Archives of Support Questions (Read Only)

This is an archived board for historical reference. Information and links may no longer be available or relevant
Announcements
This board is archived and read-only for historical reference. To ask a new question, please post a new topic on the appropriate active board.

Data Lineage Graph with hive views

avatar

The data lineage graph generated by Apache Atlas when Hive view are implicated presents some dilemma. In fact, the hive process that contribute to creation of hive view doesn’t bind only with the views declared in the query but to the views that contribute to creation of those views and recursively until reach table that contributes to creation of views.

I want to know if this lineage is a part of the philosophy of apache atlas in presenting data lineage graph containing hive views or it could be a non-tested case and then should be adjusted.

1 ACCEPTED SOLUTION

avatar

@Radhouene EL HADJ EL ARBI

This is by design. Atlas, and most governance tools in general, will trace lineage as far back as possible. With Atlas, not only will it go back to the root table(s), it can even go as far back as the Storm or Sqoop job that ingested the data to the original tables.
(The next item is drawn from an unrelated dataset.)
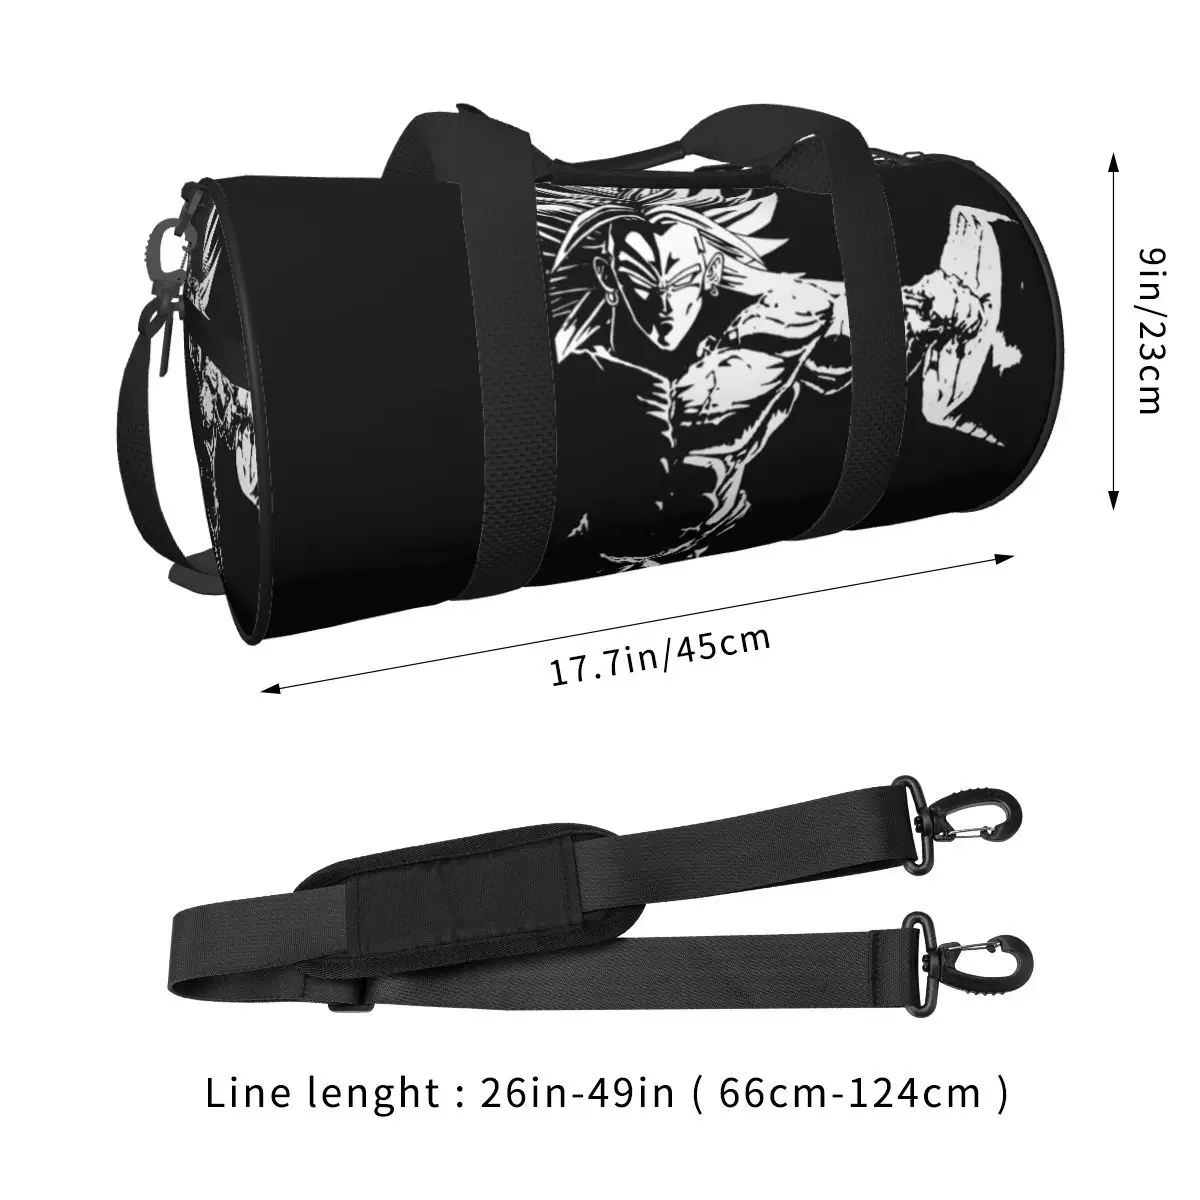 Anime Gym Motivational Sports Bags Funny Luggage Gym Bag with Shoes Cute Handbags Men's Design Waterproof Fitness Bag
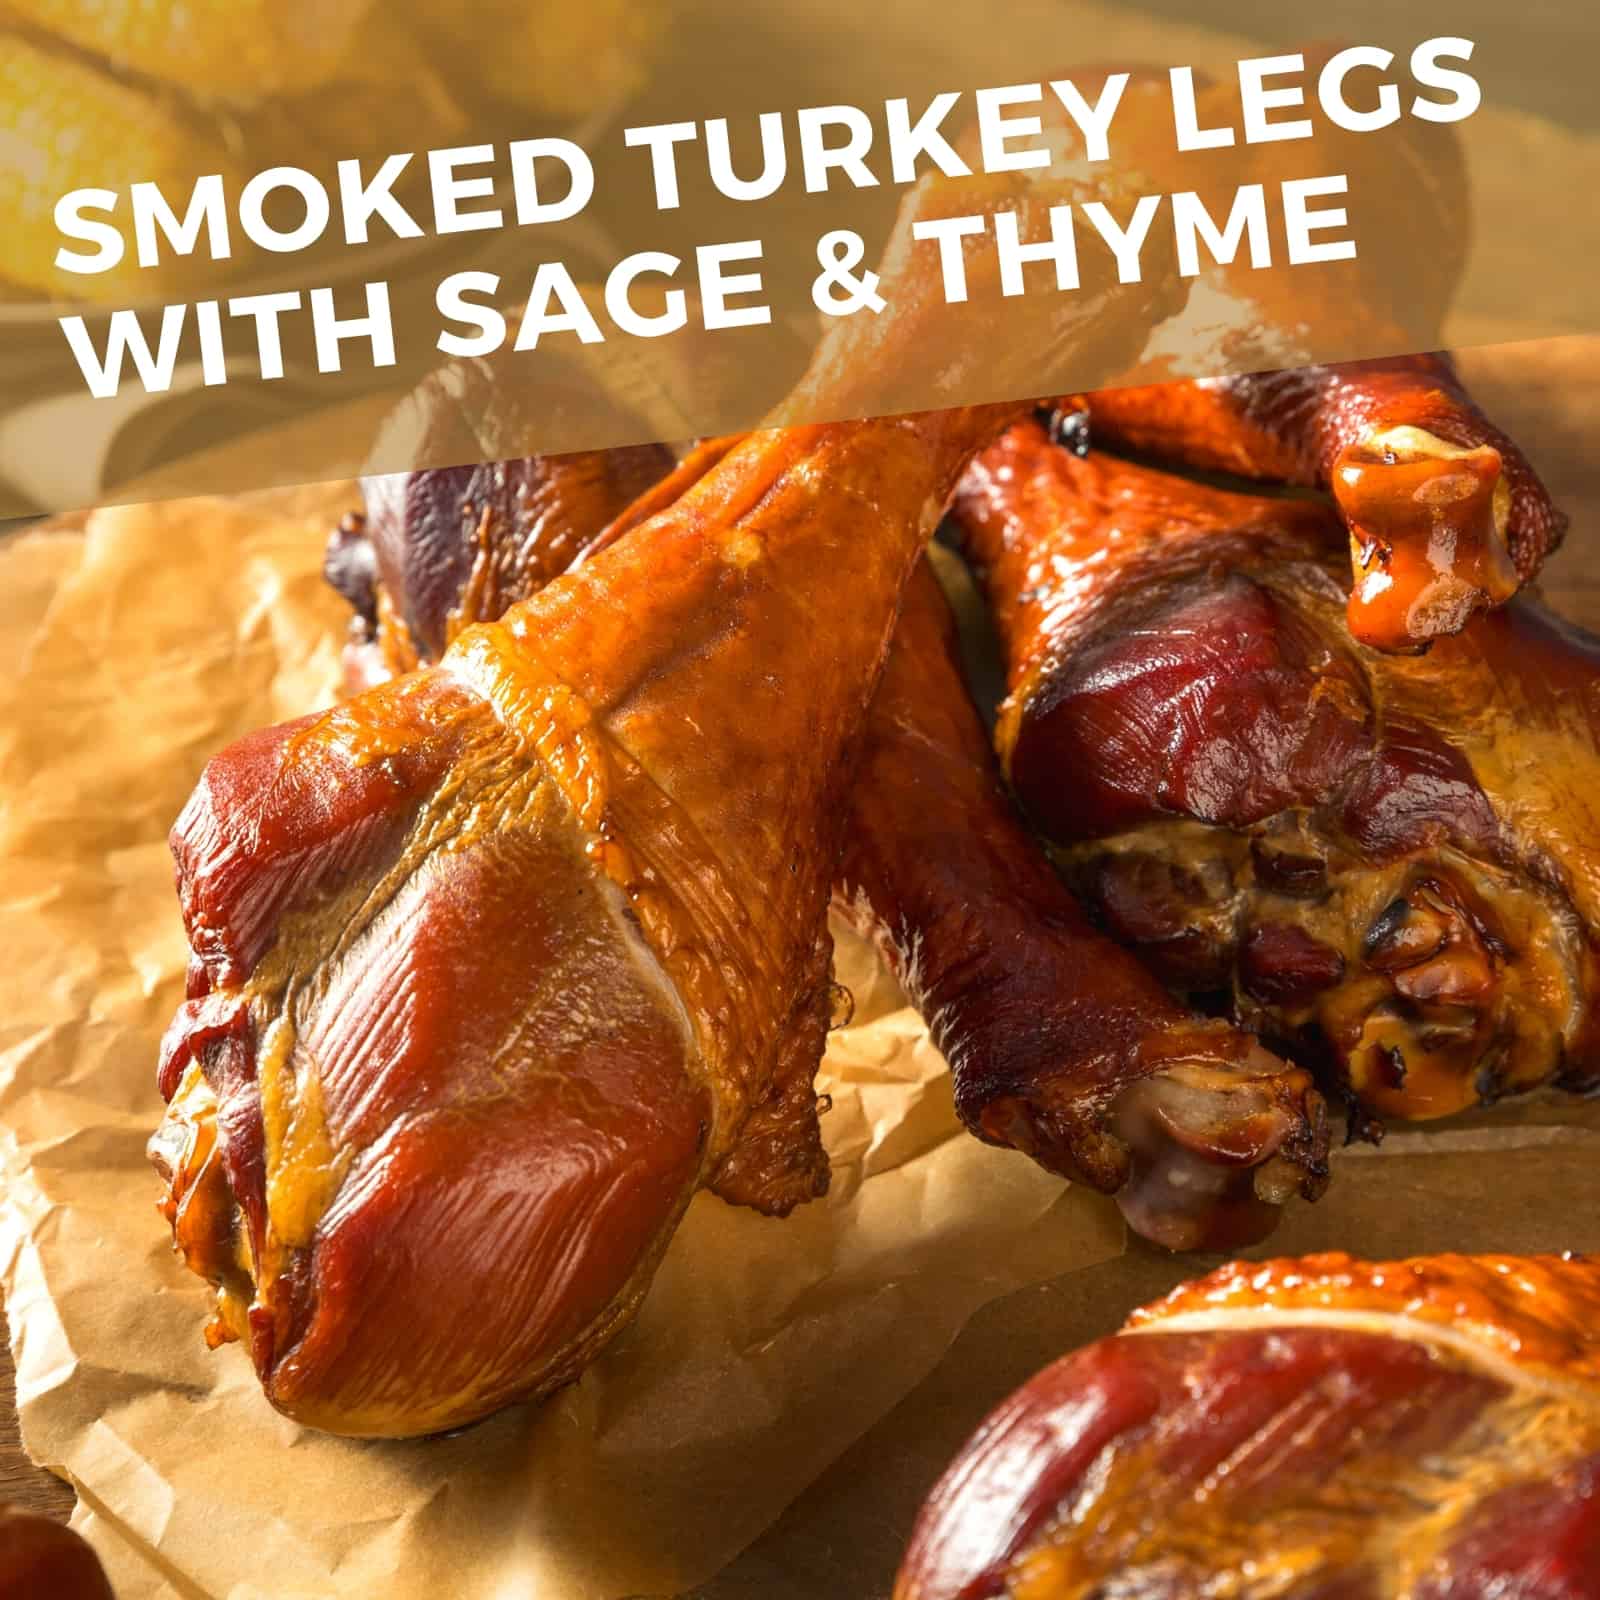 Smoked turkey legs with sage & thyme

The purpose of having lineage this far back is for a user to be able to effectively trace back the origins of data, whether to validate data quality, for compliance, or even just to understand how the data has mutated/evolved to it's current state.

View solution in original post

1 REPLY 1

avatar

@Radhouene EL HADJ EL ARBI

This is by design. Atlas, and most governance tools in general, will trace lineage as far back as possible. With Atlas, not only will it go back to the root table(s), it can even go as far back as the Storm or Sqoop job that ingested the data to the original tables.

The purpose of having lineage this far back is for a user to be able to effectively trace back the origins of data, whether to validate data quality, for compliance, or even just to understand how the data has mutated/evolved to it's current state.